Читать «Десятка» онлайн - страница 197

Захар Прилепин

Лёшка с готовностью кивает:

— Ясно.

— Не через «а». Ясно?

— Да. Ясно.

Все, отпустило. Будто электрический провод отняли от головы. Переходит на ворчание:

— Ну и отлично.

Ой-ей, успел-таки наломать. Лёшка стоит, вытянувшись по струнке, в глазах испуг и… Кудинов не исключает, что в такие минуты ему это мерещится, но в Лёшкиных глазах за пеленой испуга он каждый раз видит сполохи жалости.

Если не взять себя в руки хотя бы сейчас, вслед за случайным гневом накатит другая напасть: бурное раскаяние, полное пьяных слез и сопливого удушья. Надя явится с рюмкой валерьяны, Лёшка просидит весь оставшийся вечер беззвучно в своей комнате, а когда придет поцеловать перед сном, будет отводить взгляд…

— Иди.

Лёша разворачивается к двери.

— Забери.

Лёша подхватывает картонки, сует их в папку, уходит к себе. Скорей всего встанет там перед своим столом, уткнувшись в стену: почему-то всегда переживает стоя.

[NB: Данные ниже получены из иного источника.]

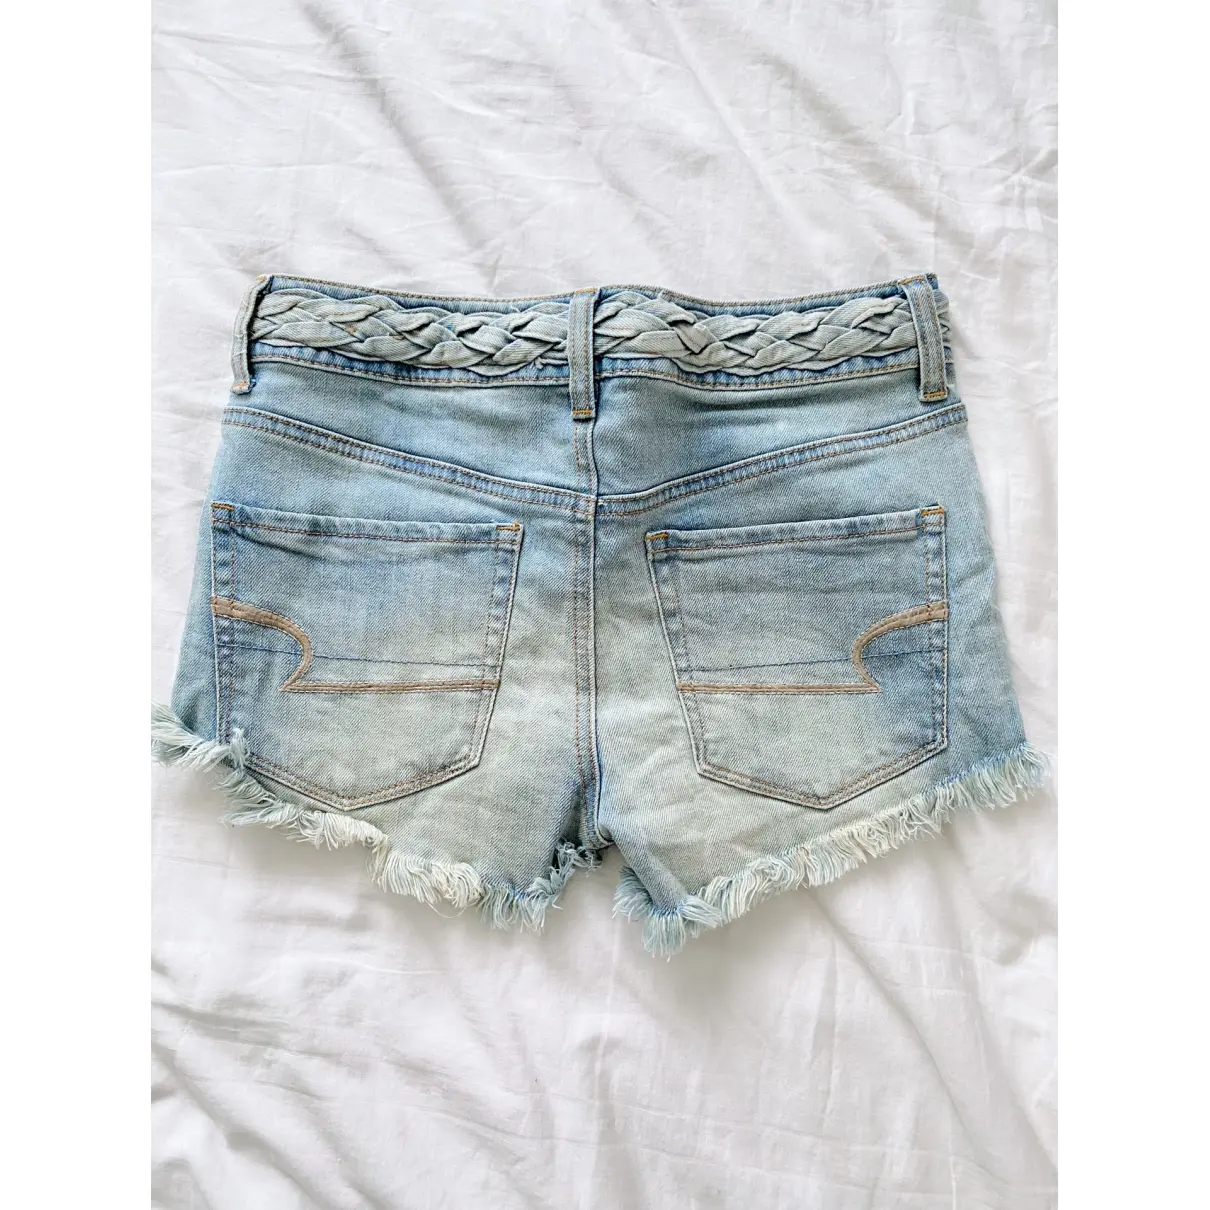 Buy American Outfitters Mini short online
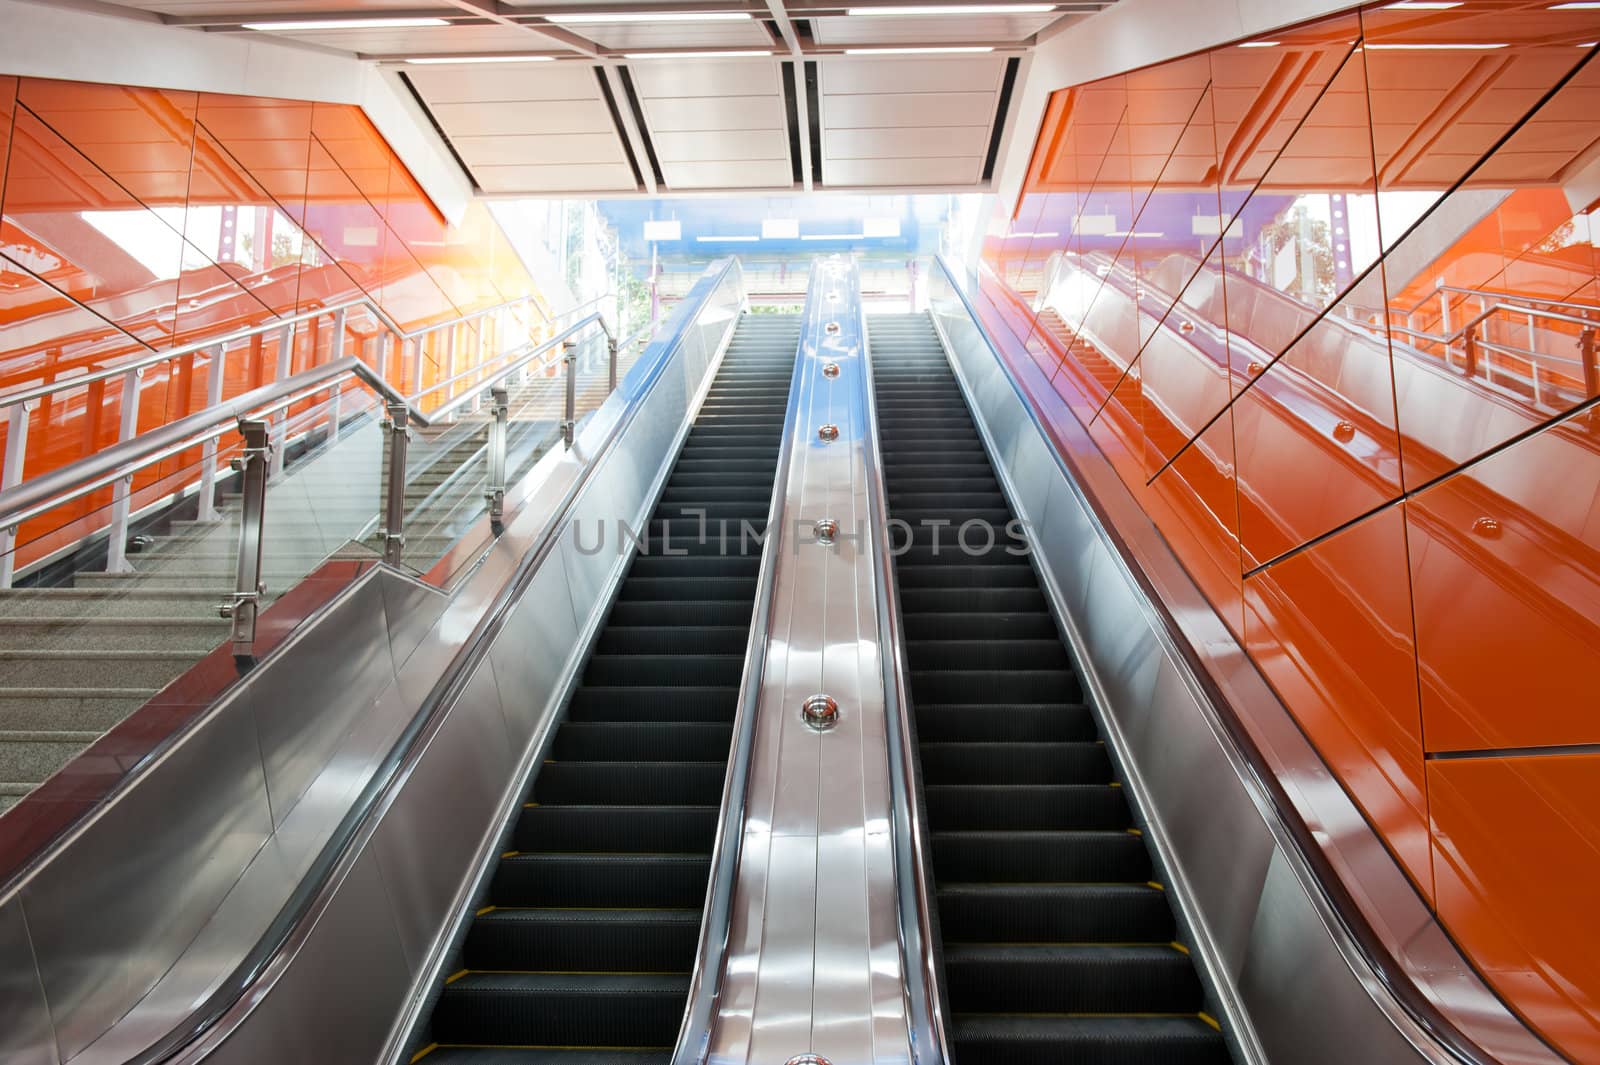 Escalator in the subway station in Guangzhou city, China

Кудинов запрокидывает голову на спинку дивана. Разгорается изжога раскаяния. Позвать его, что ли, обратно…

— Мальчики, к столу! — зовет из кухни Надя, не слышавшая того, чем закончился Лёшкин вернисаж.

Проспав часа три, Кудинов открыл глаза. Сердце стучало ровно и упруго, как у стайера на середине коронной дистанции. Он знал: если сейчас встать, поддавшись обманному ощущению бодрости, уже часа через два его настигнет усталость столь безжалостная, что опустошенность в конце позапрошлой недели, которая была посвящена приему высоких московских гостей, покажется мимолетным затмением после чрезмерно жаркой парилки. Нарушение сна было делом для него привычным, Кудинов был опытным ловцом сновидений. Новички бросаются сразу считать овец. Бесперспективное занятие, если сначала не дать мозгу пробежать намеченный круг, прокрутить все то, что не удалось дожить и додумать за день. И Кудинов дал волю извилинам, заскользившим по петлистой границе между мыслью и бредом.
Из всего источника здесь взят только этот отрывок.